Si las redes sociales, en particular Twitter y Facebook, así como los programas de televisión de los domingos, se constituyen en el reflejo de la expresión de los sentimientos de la ciudadanía, vamos de miseria a suicidio, porque tomamos como referentes de opinión popular a las fotografías veladas del momento.
No es posible que la fuente de algunos medios de comunicación sea hoy en día “lo que dicen en las redes” y también “la encuesta on-line del canal de TV”. Así no se construye una mejor Democracia, así se castigan las libertades.
Hay que decirlo. El Congreso de la República es –históricamente-, un mal lugar para pedir que la gente se sienta feliz, satisfecha o conforme por su trabajo (hagámonos la idea que trabajan). Del mismo modo, el gobierno (el poder ejecutivo), es tradicionalmente un pésimo ejemplo para decirle a los ciudadanos y sus familias que deben sentirse complacidos, reconocidos y seguros por el desempeño de un presidente y sus múltiples enchufes de cortocircuitos o ministros de frustraciones y fracasos.
Hemos caído en la cuenta deudora de la infelicidad y no tenemos nada que nos sirva para cancelar esa dolorosa realidad que suma como intereses la corrupción, la impunidad y más agentes del delito.
El Congreso no es el gobierno, es peor.
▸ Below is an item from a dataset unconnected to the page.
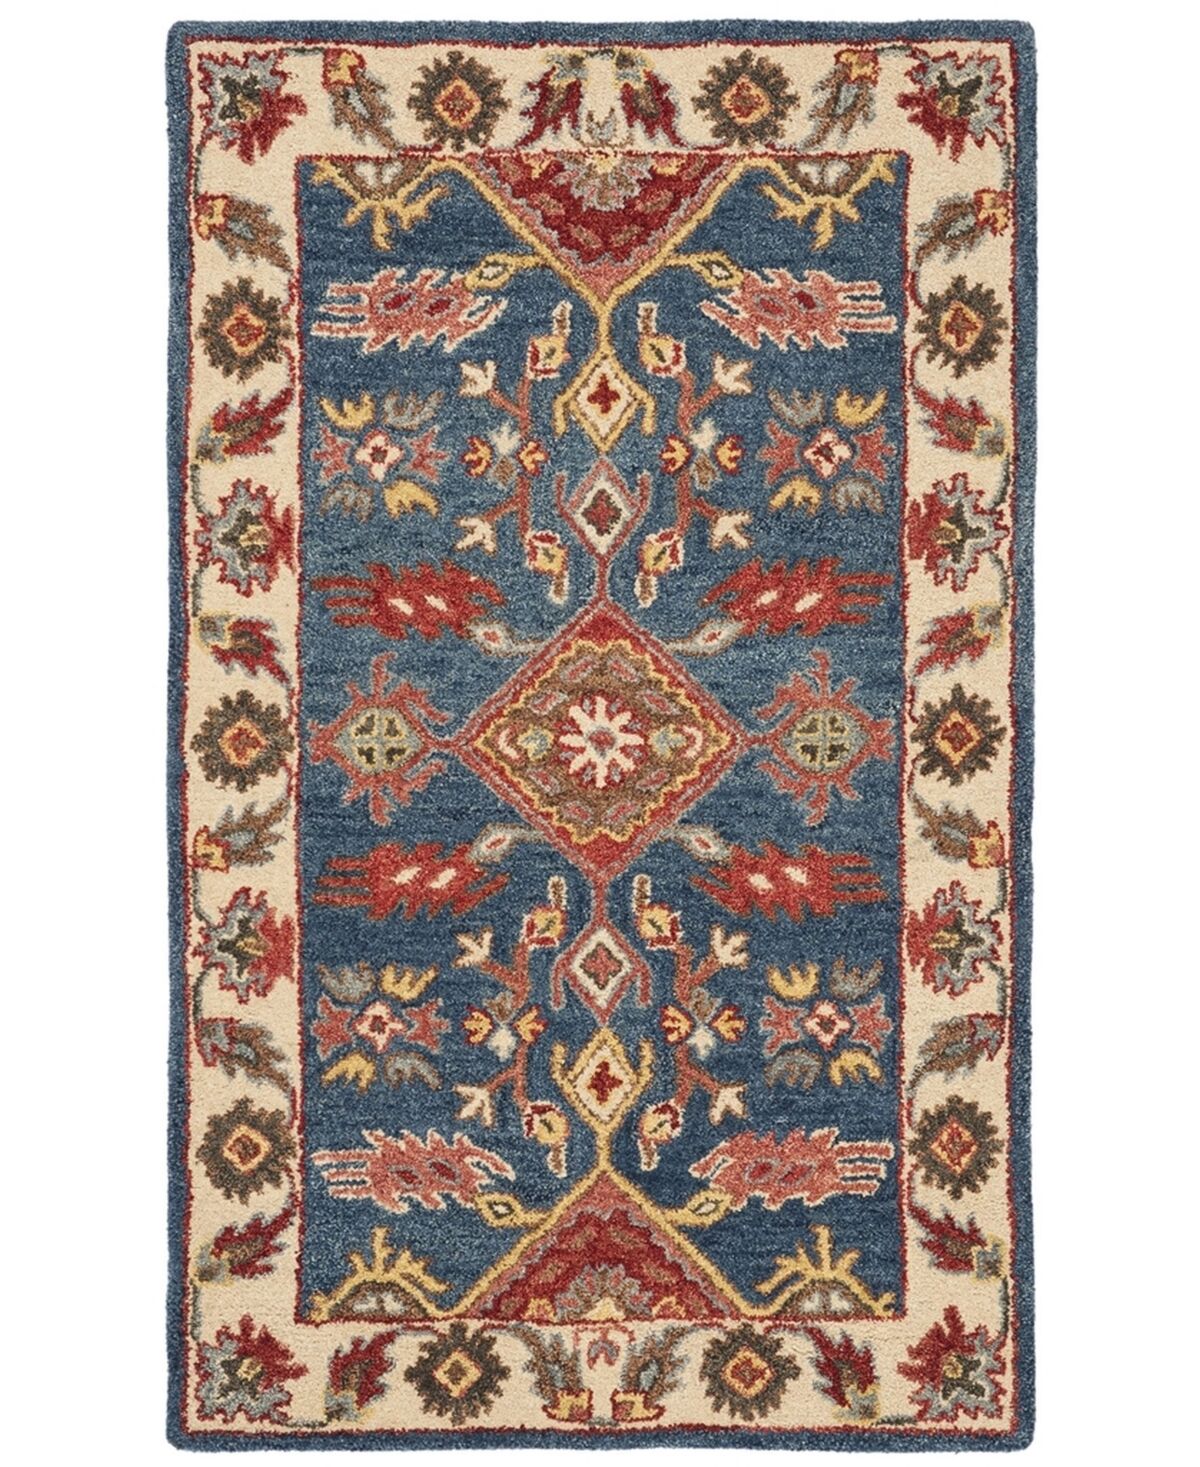 Safavieh Antiquity At506 Blue and Red 4' x 6' Area Rug - Blue
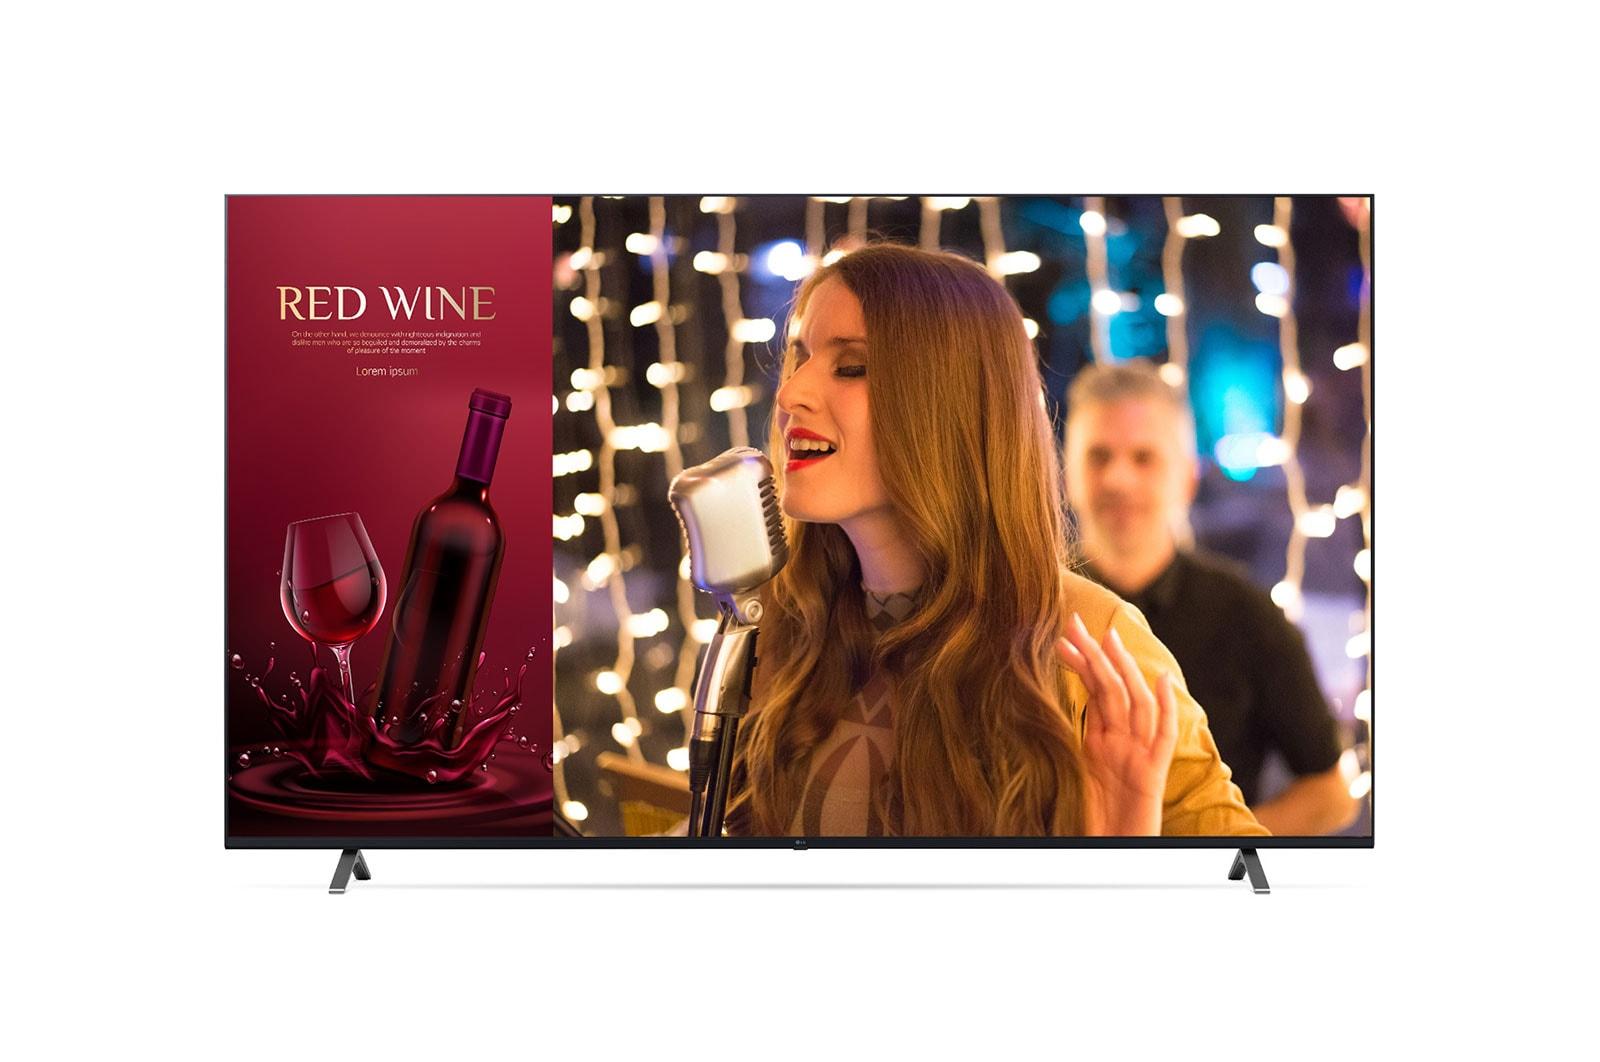 43" UR640S Series UHD Signage TV with Slim Depth, LG SuperSign CMS, and Embedded Content & Group Management

El gobierno no es el Congreso, es mucho peor. Esa es la realidad sin encuestas on-line y sin leer las redes sociales. Pero los periodistas de hoy en día, no saben hacer periodismo sino militancia por sus medios, por sus pasiones políticas y por la quincena que viene escondida detrás de los impuestos.
Ya no es usual ver, leer o escuchar a un periodista haciendo de su profesión un trabajo digno de elogio, al contrario. El periodismo es algo así como la continuidad de la política y la garantía de la corrupción. Esa es la imagen negativa que se ha formado en la opinión pública y aunque existen excepciones, como en todo en la vida existen excepciones, no son suficientes para devolver la limpieza y la luz a una profesión que fue brillante y hoy es claudicante.
Vivimos en la competencia de los desprestigios. Un canal que habla mal del otro canal, un periódico que señala ofensivamente a otro periódico, una radio que se inclina al poder, más que otra radio también inclinada al poder.
Todos en odios, todos en agresiones por lo bajo, pero cobrando por encima de la verdad. Y en la cima de esos menesteres competitivos, el Congreso se autoflagela porque pareciera querer tener el repudio total, al dividirse la dividida oposición. La escena final sigue abierta: necesitas ser un sinvergüenza para estar metido en política y necesitas ser un imbécil para -estando allí-, querer repetir el plato.